▶ **To do**
Write each line of the material exactly as given, from the top through the line that contains "Idea riciclo vecchia", and omit all pictures.

▶ **Provided data**
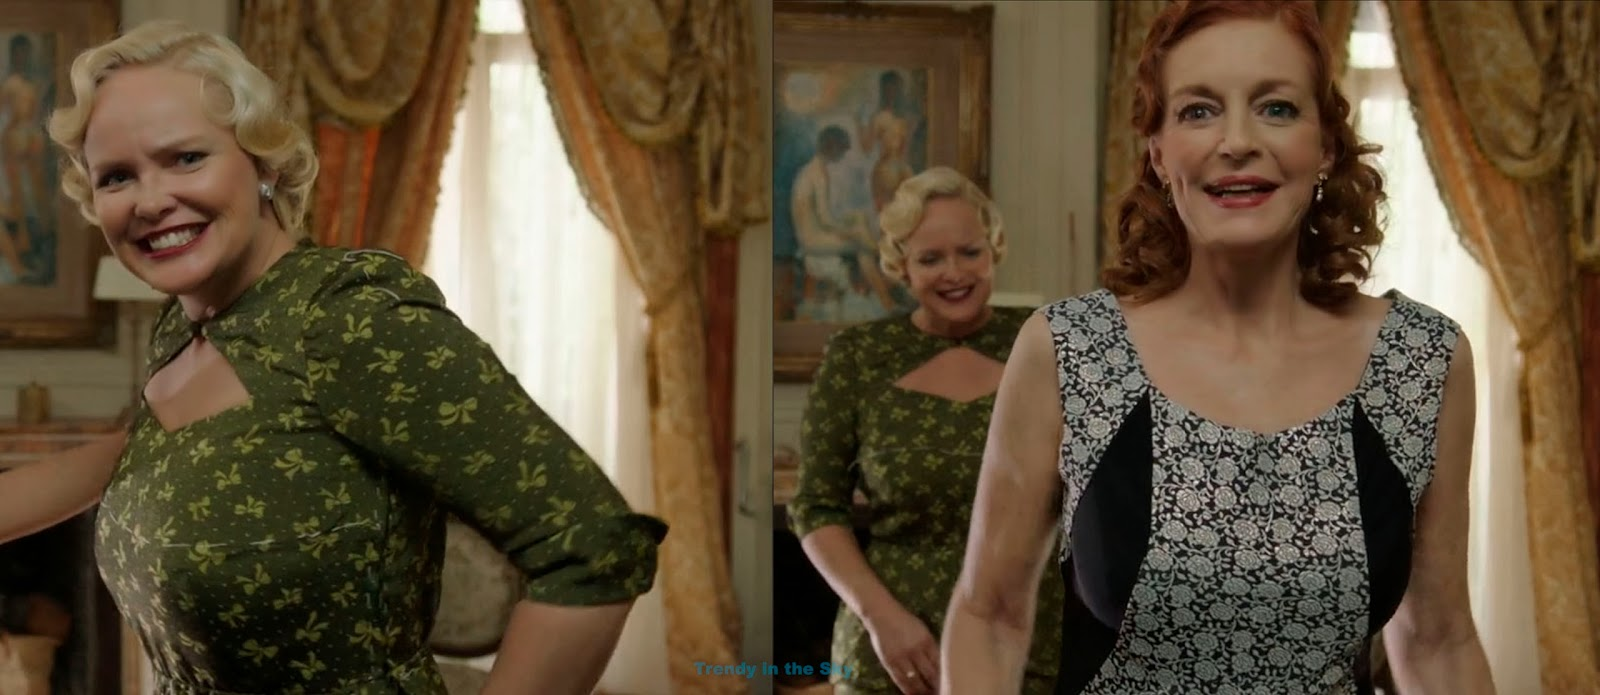 Frau Braun en su casa dándole el anticipo del vestido nuevo a Sira ...
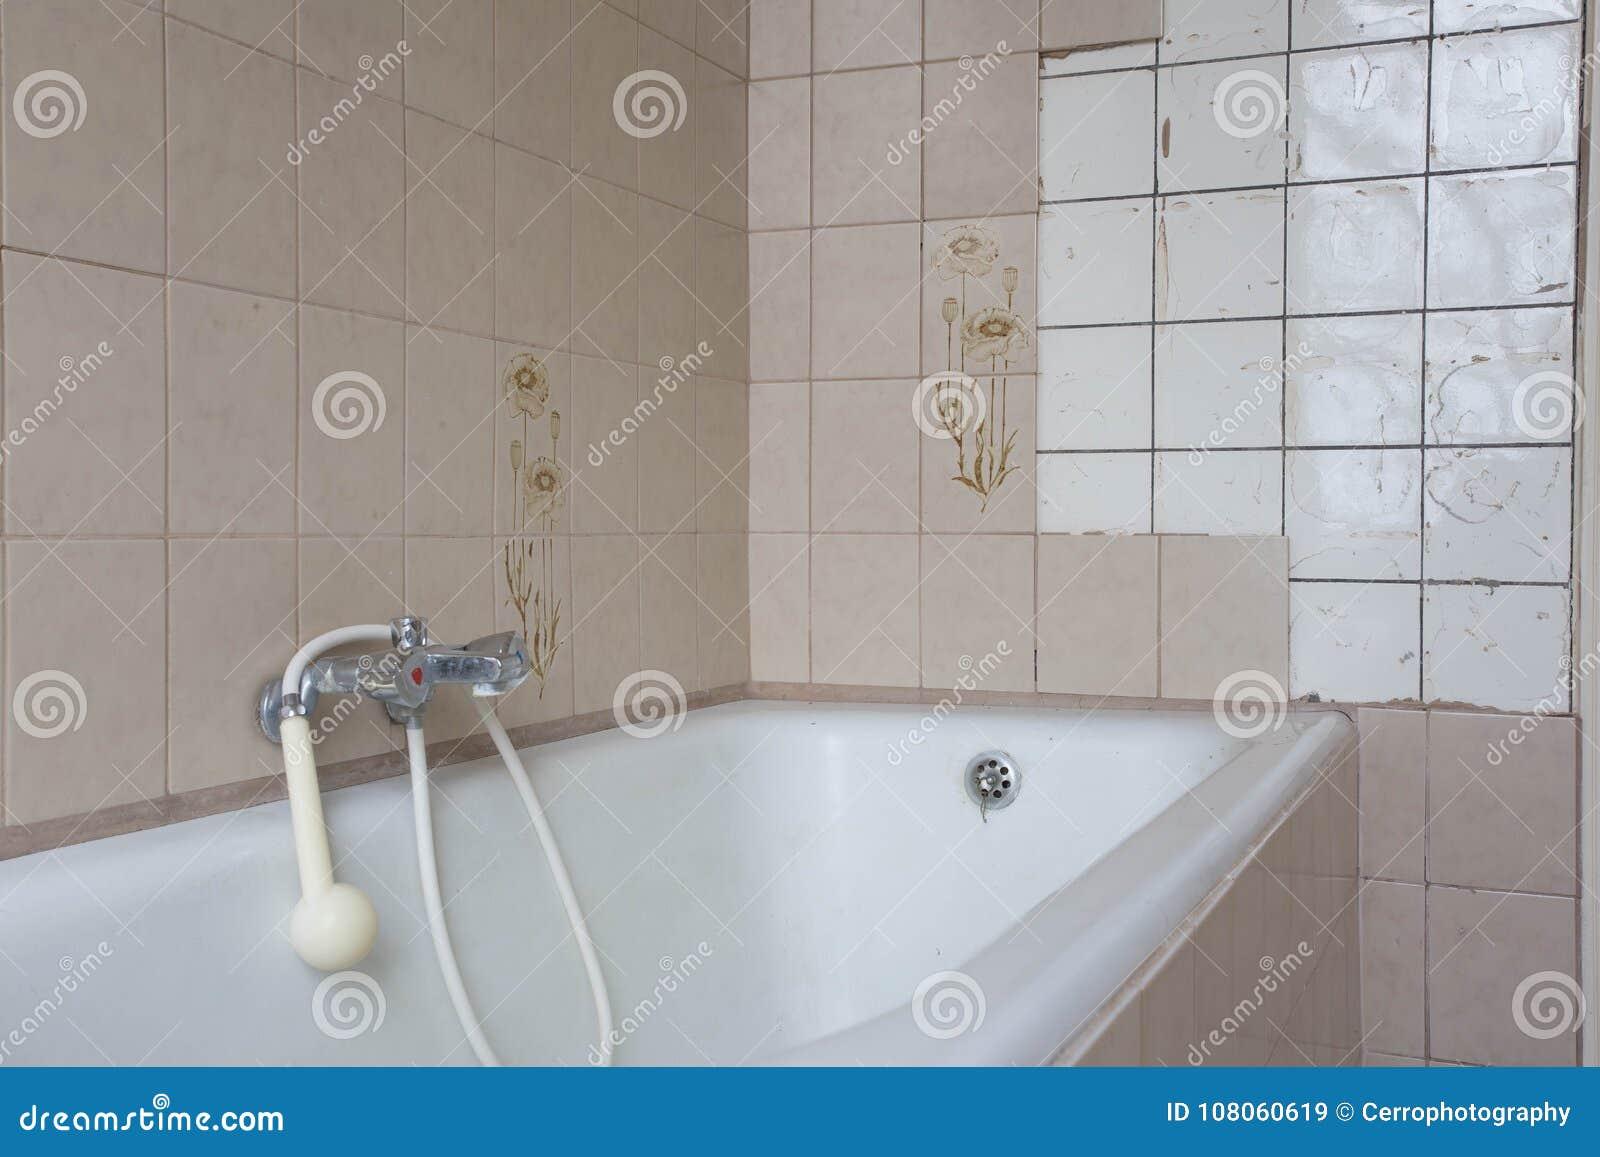 Idea riciclo vecchia vasca da bagno riciclotutto
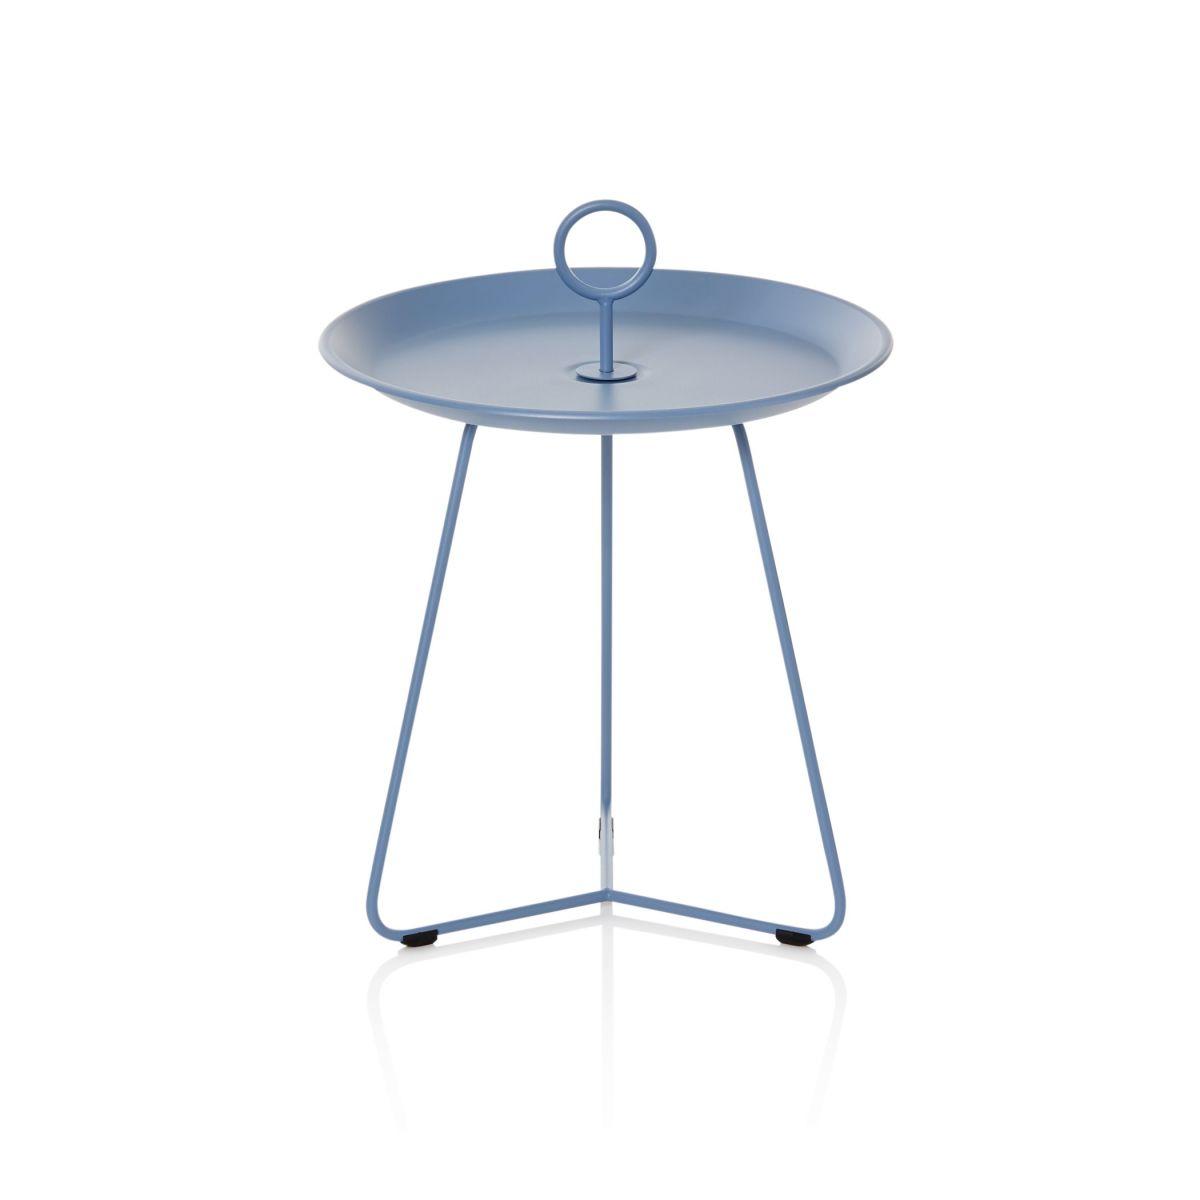 beistelltisch outdoorgeeignet modern pulverbeschichteter stahl g nstig schnell einkaufen. Black Bedroom Furniture Sets. Home Design Ideas

▶ **Output below**
 Frau Braun en su casa dándole el anticipo del vestido nuevo a Sira ...
 Idea riciclo vecchia vasca da bagno riciclotutto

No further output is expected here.